SOURCE DATA:
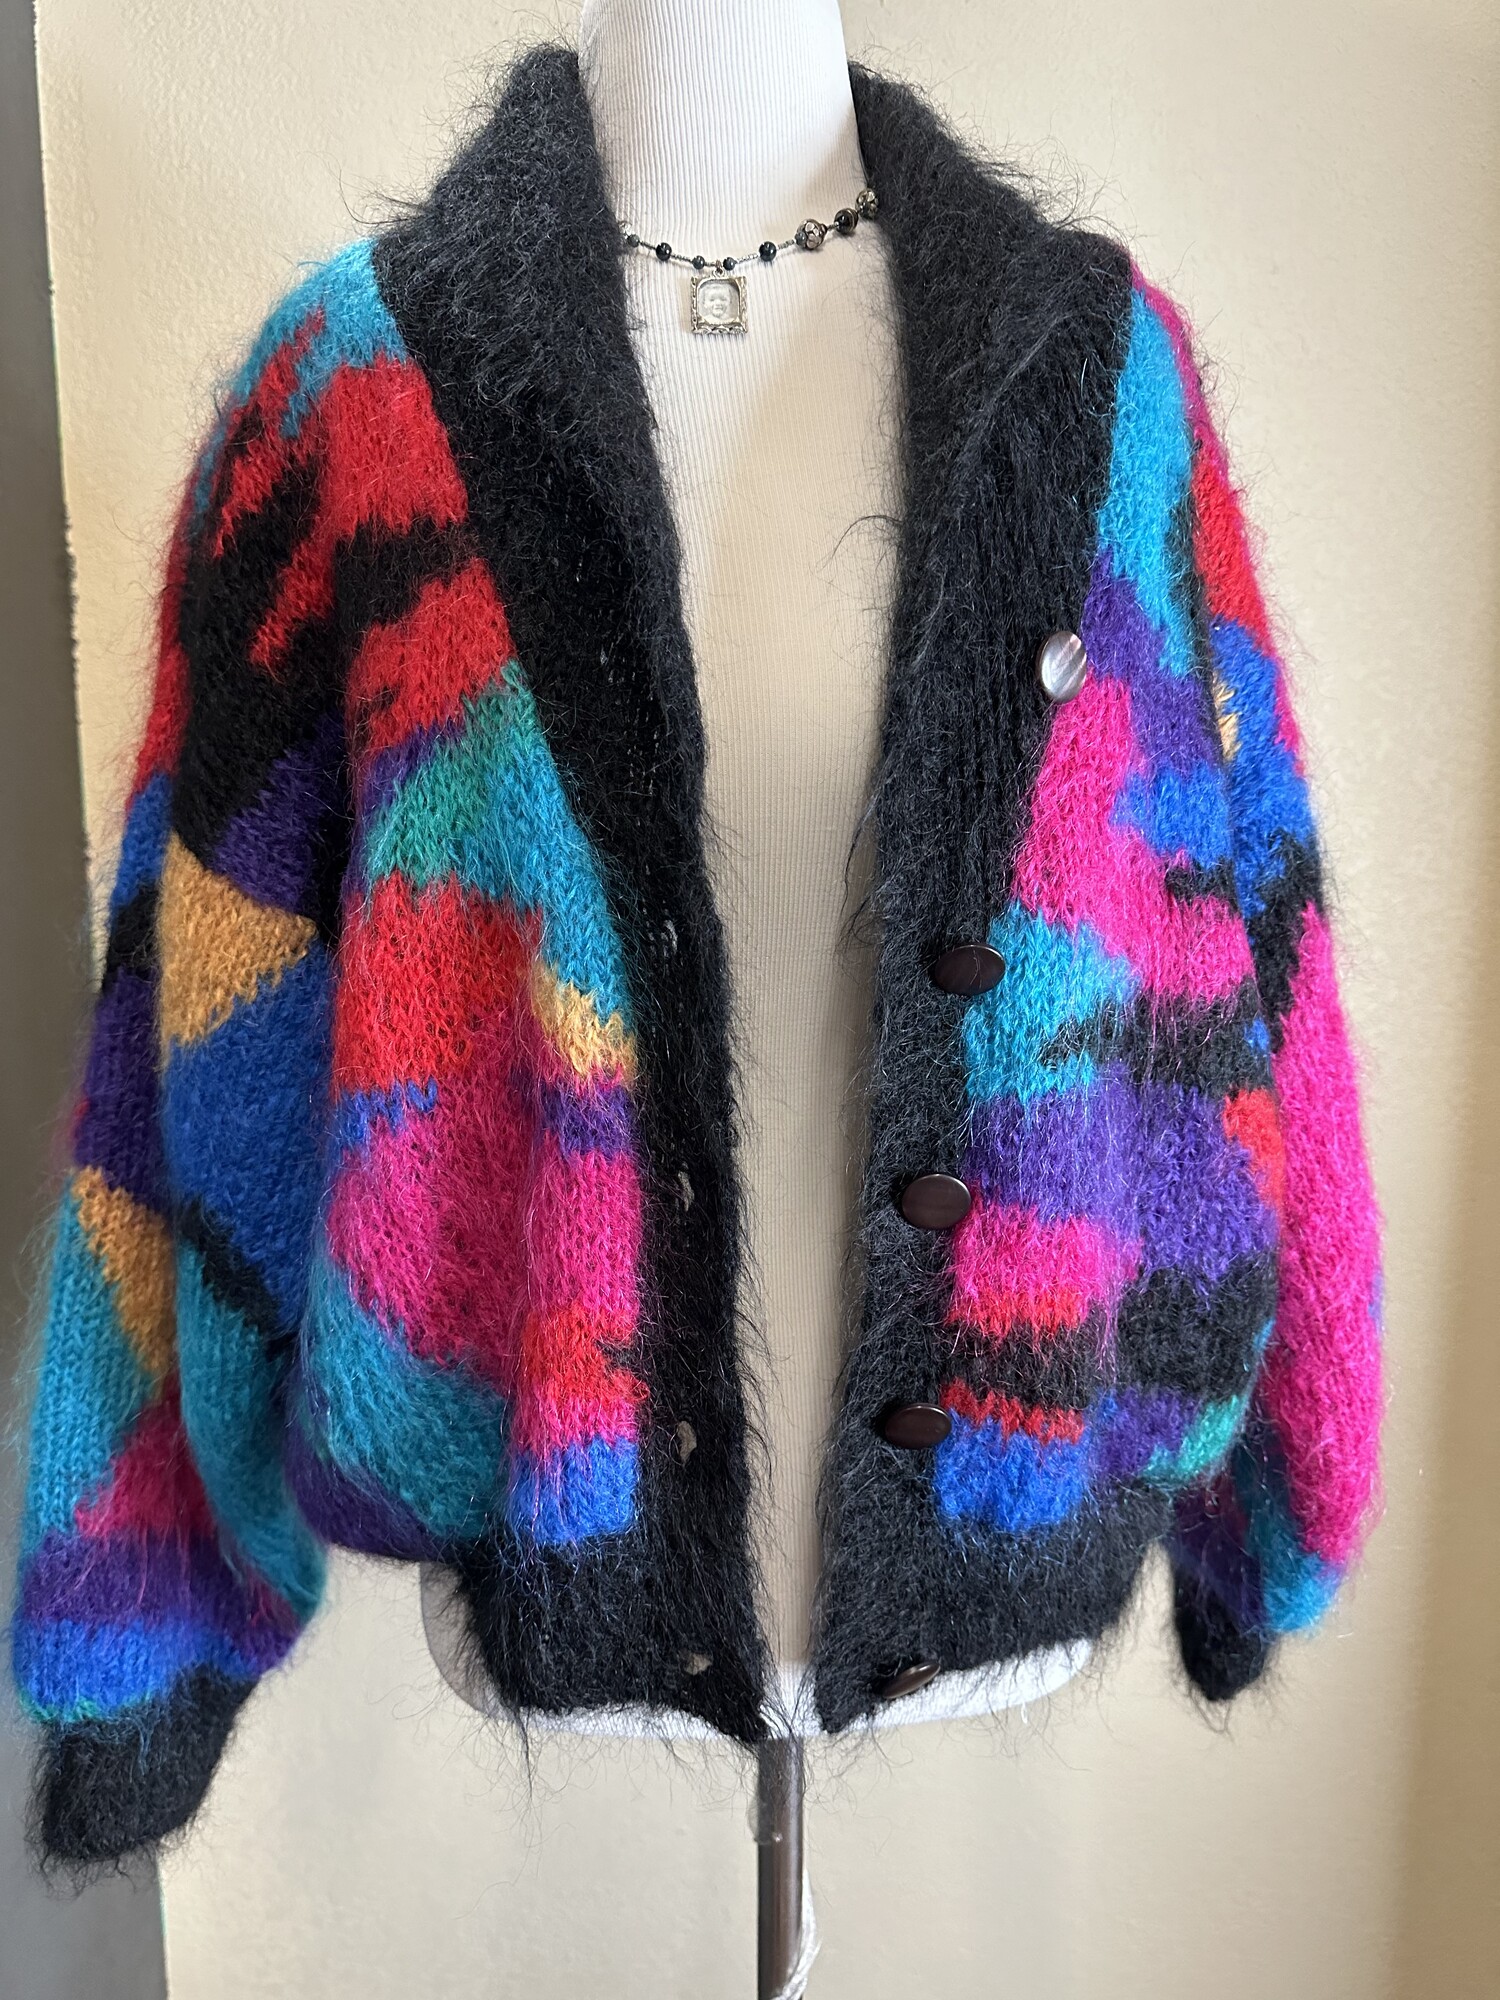 Late 80s/Early 90s funky colored chunky mohair cardigan sweater.  5 buttons and pockets.
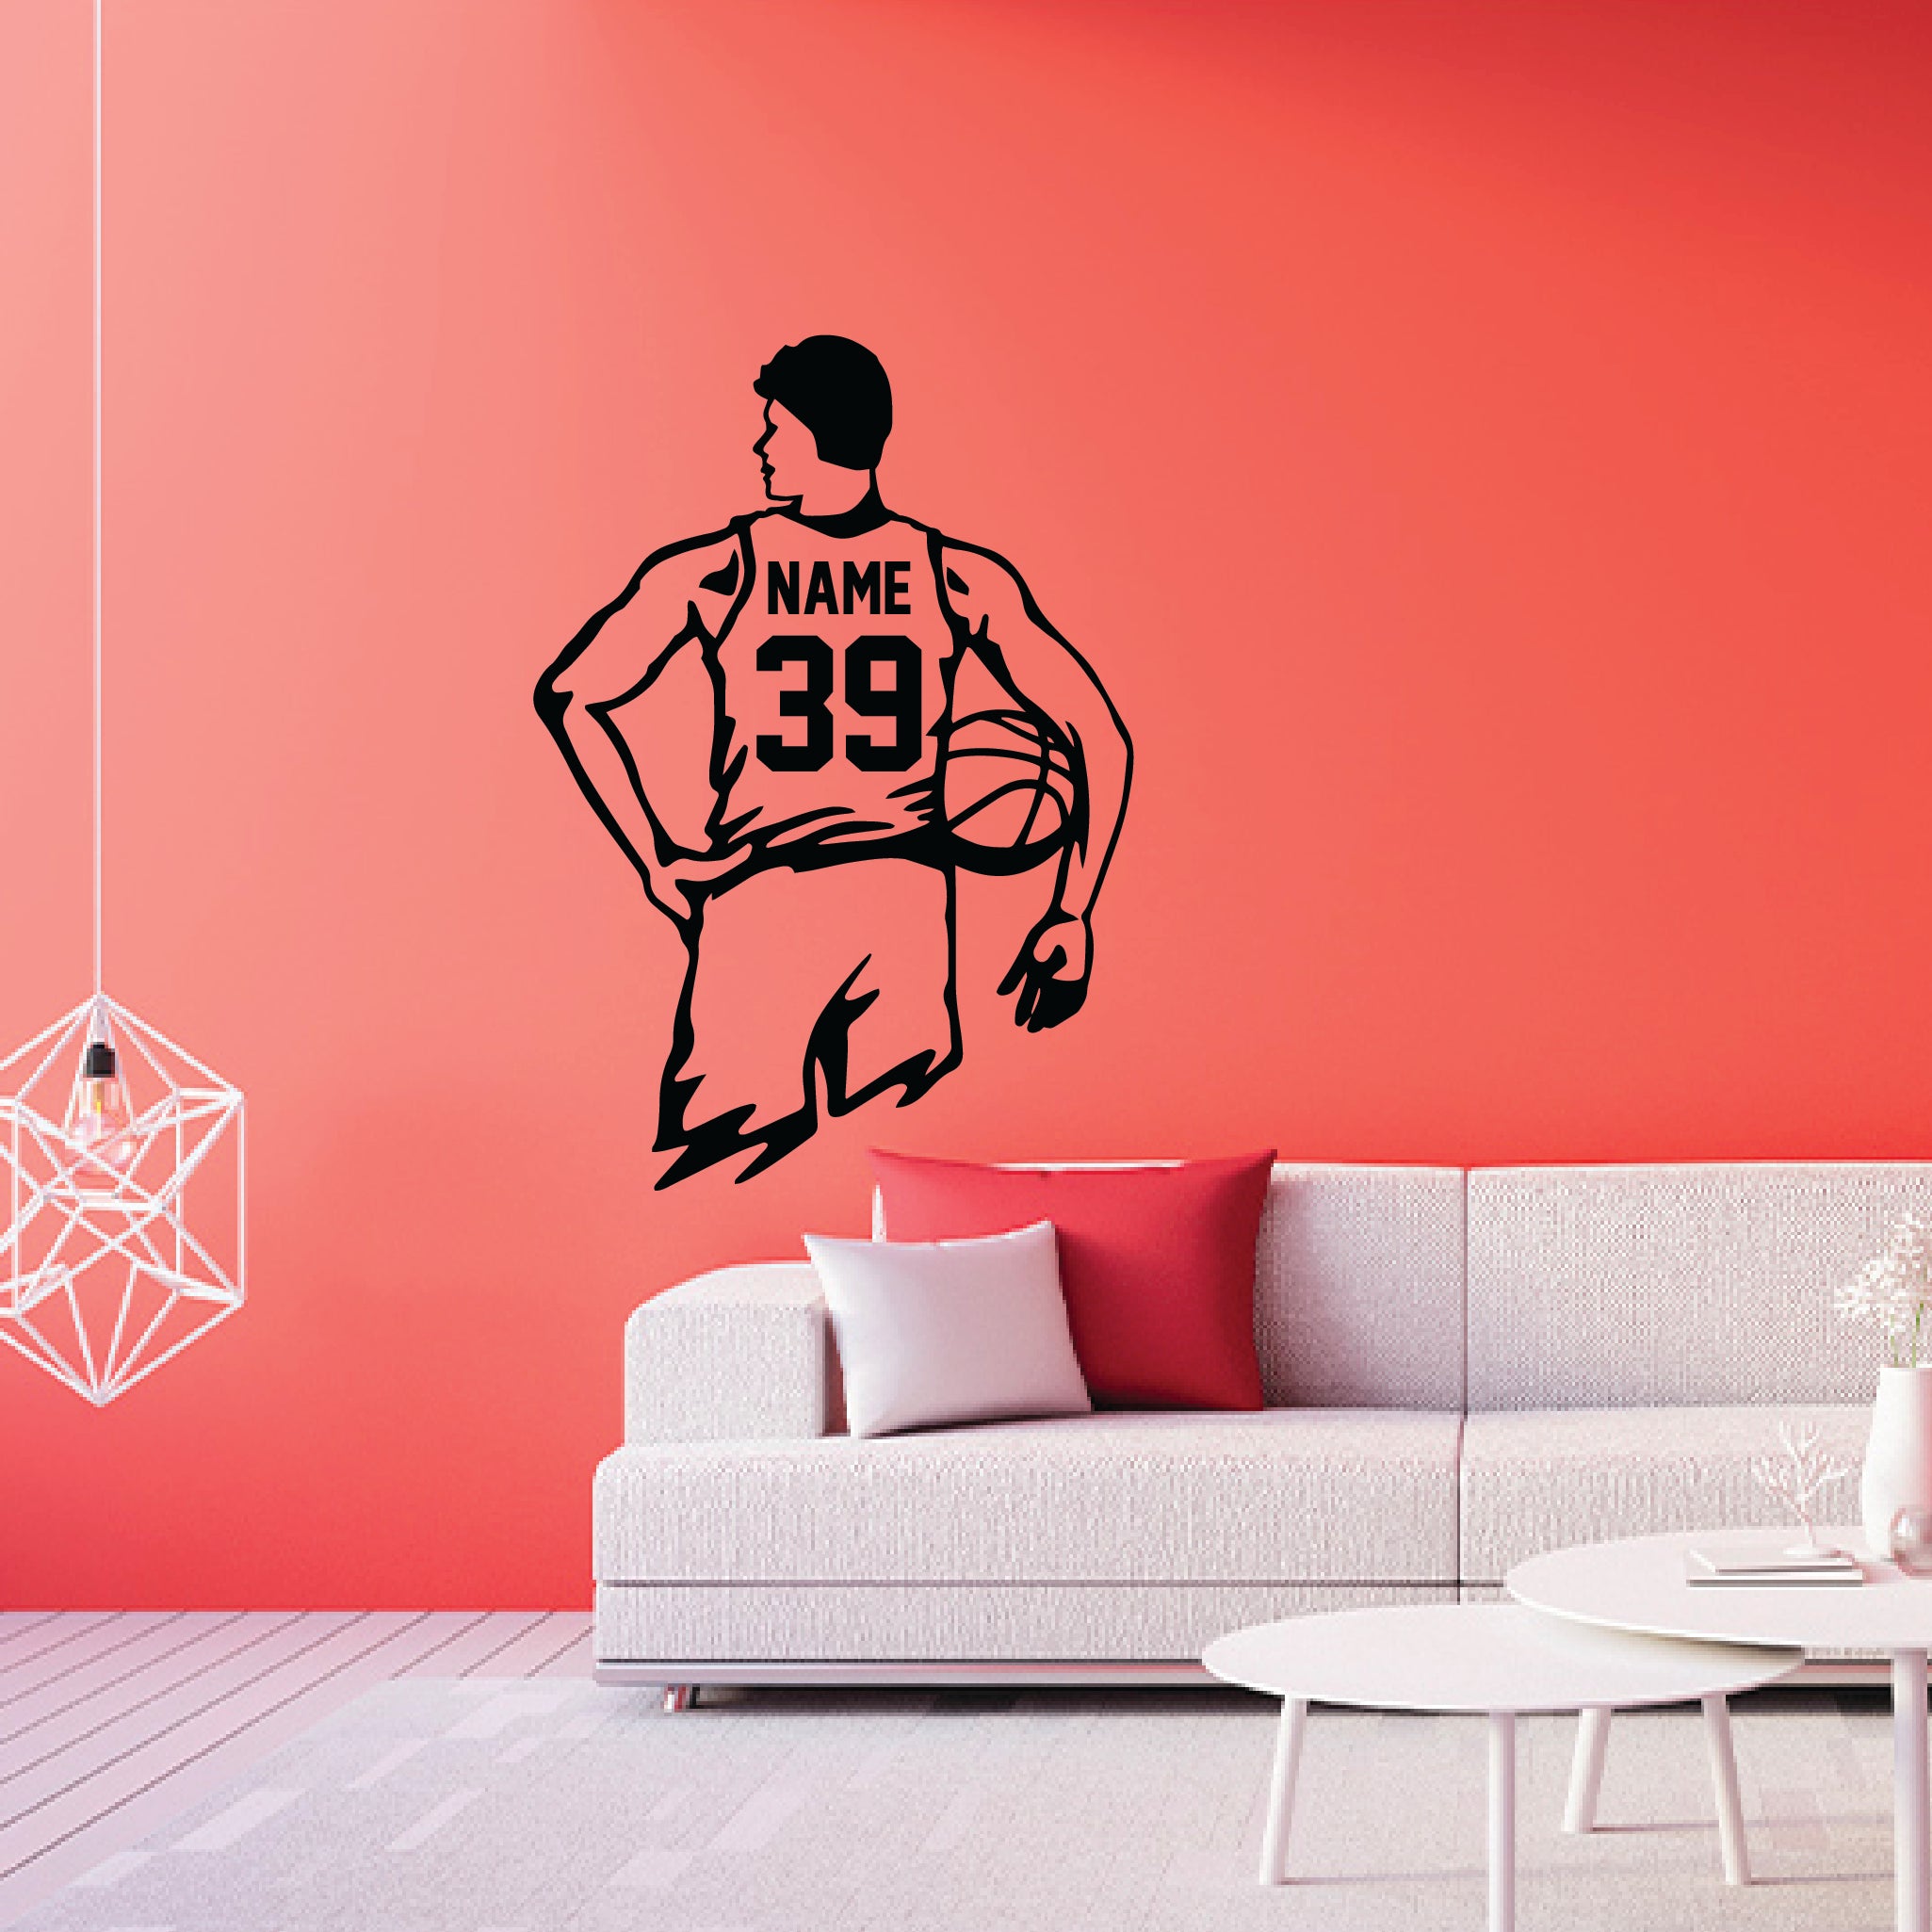 Home Find Football Rugby Vinyl Stickers Player Wall Decals Football Wall Arts Self Adhesive Wallpaper Large Silhouette Peel and Stick Removable Decor - 2
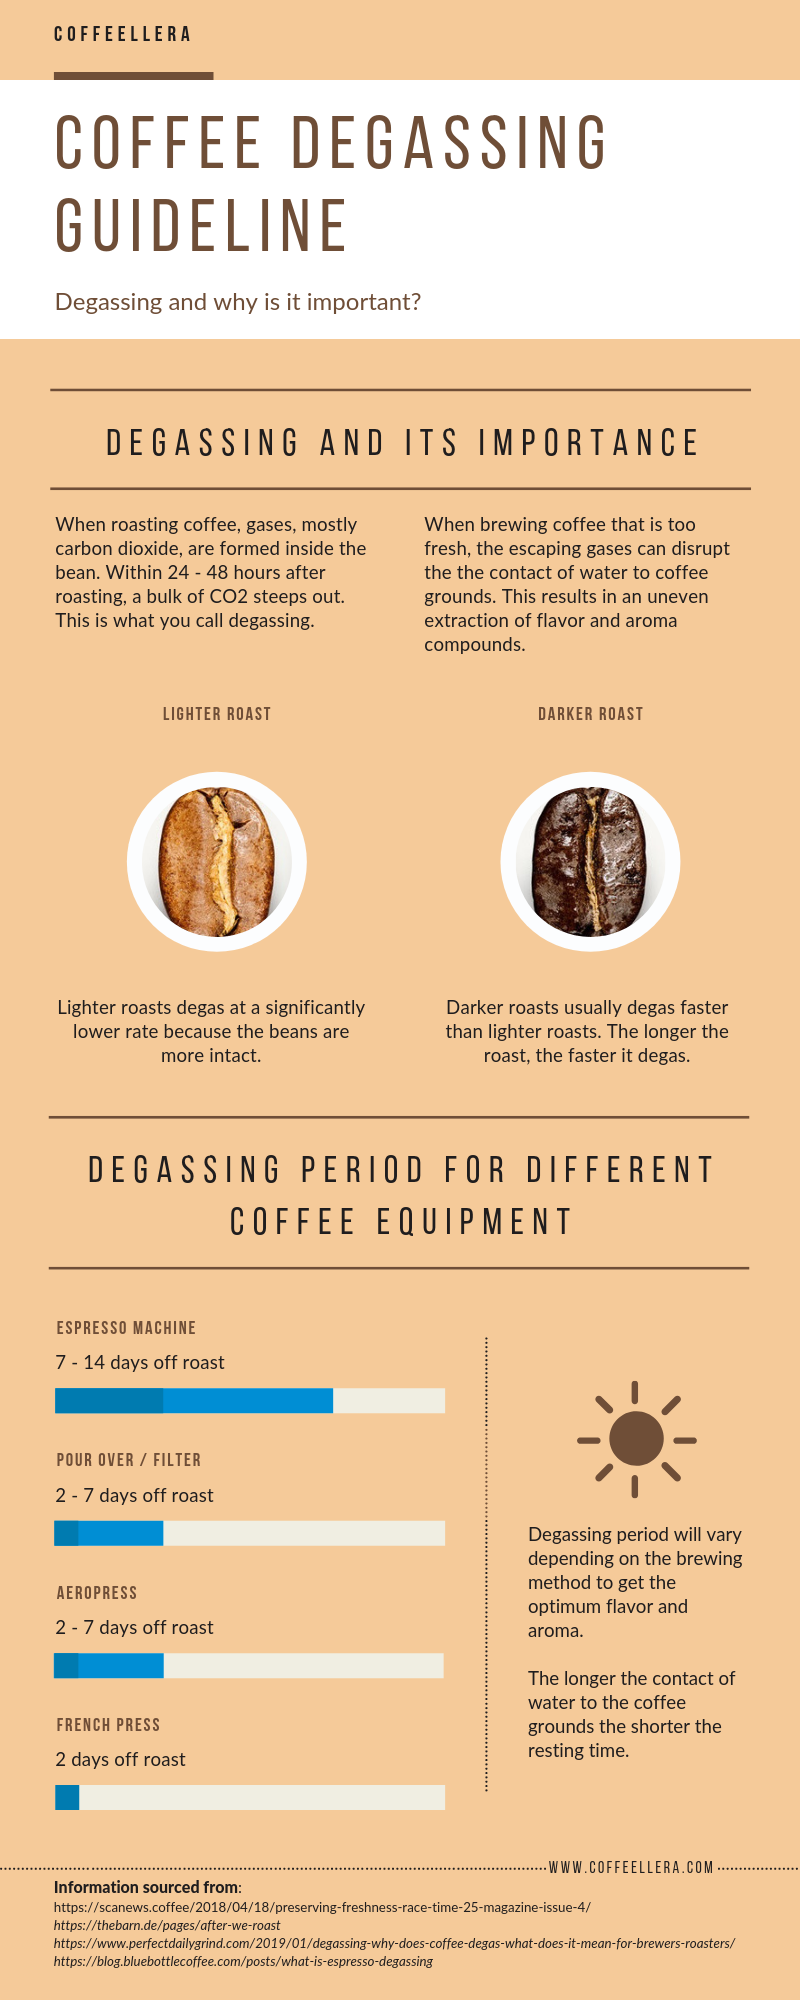 https://www.coffeellera.com/wp-content/uploads/2019/08/coffee-degassing-guideline-infographics-by-coffeellera.png
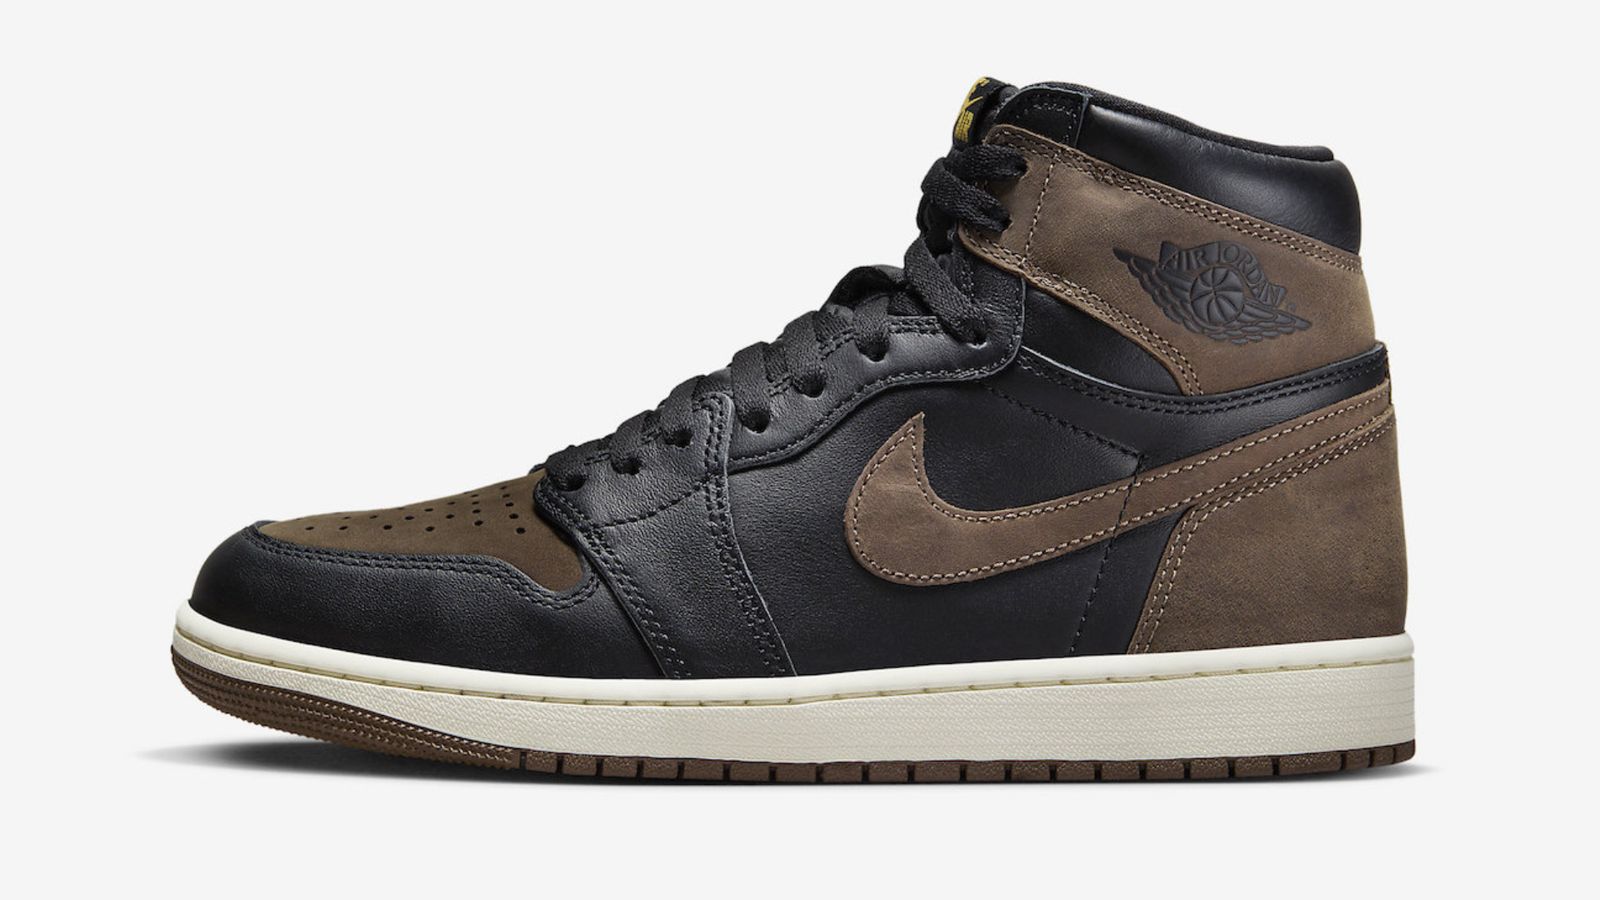 Air Jordan 1 High "Palomino" product image of a black leather and brown nubuck high-top with a cream white midsole.

TASK DESCRIPTION:
Could you restate all of the data above word for word and skip every picture?

TASK RESPONSE:
 Late 80s/Early 90s funky colored chunky mohair cardigan sweater.  5 buttons and pockets.
 Home Find Football Rugby Vinyl Stickers Player Wall Decals Football Wall Arts Self Adhesive Wallpaper Large Silhouette Peel and Stick Removable Decor - 2
 https://www.coffeellera.com/wp-content/uploads/2019/08/coffee-degassing-guideline-infographics-by-coffeellera.png
 Air Jordan 1 High "Palomino" product image of a black leather and brown nubuck high-top with a cream white midsole.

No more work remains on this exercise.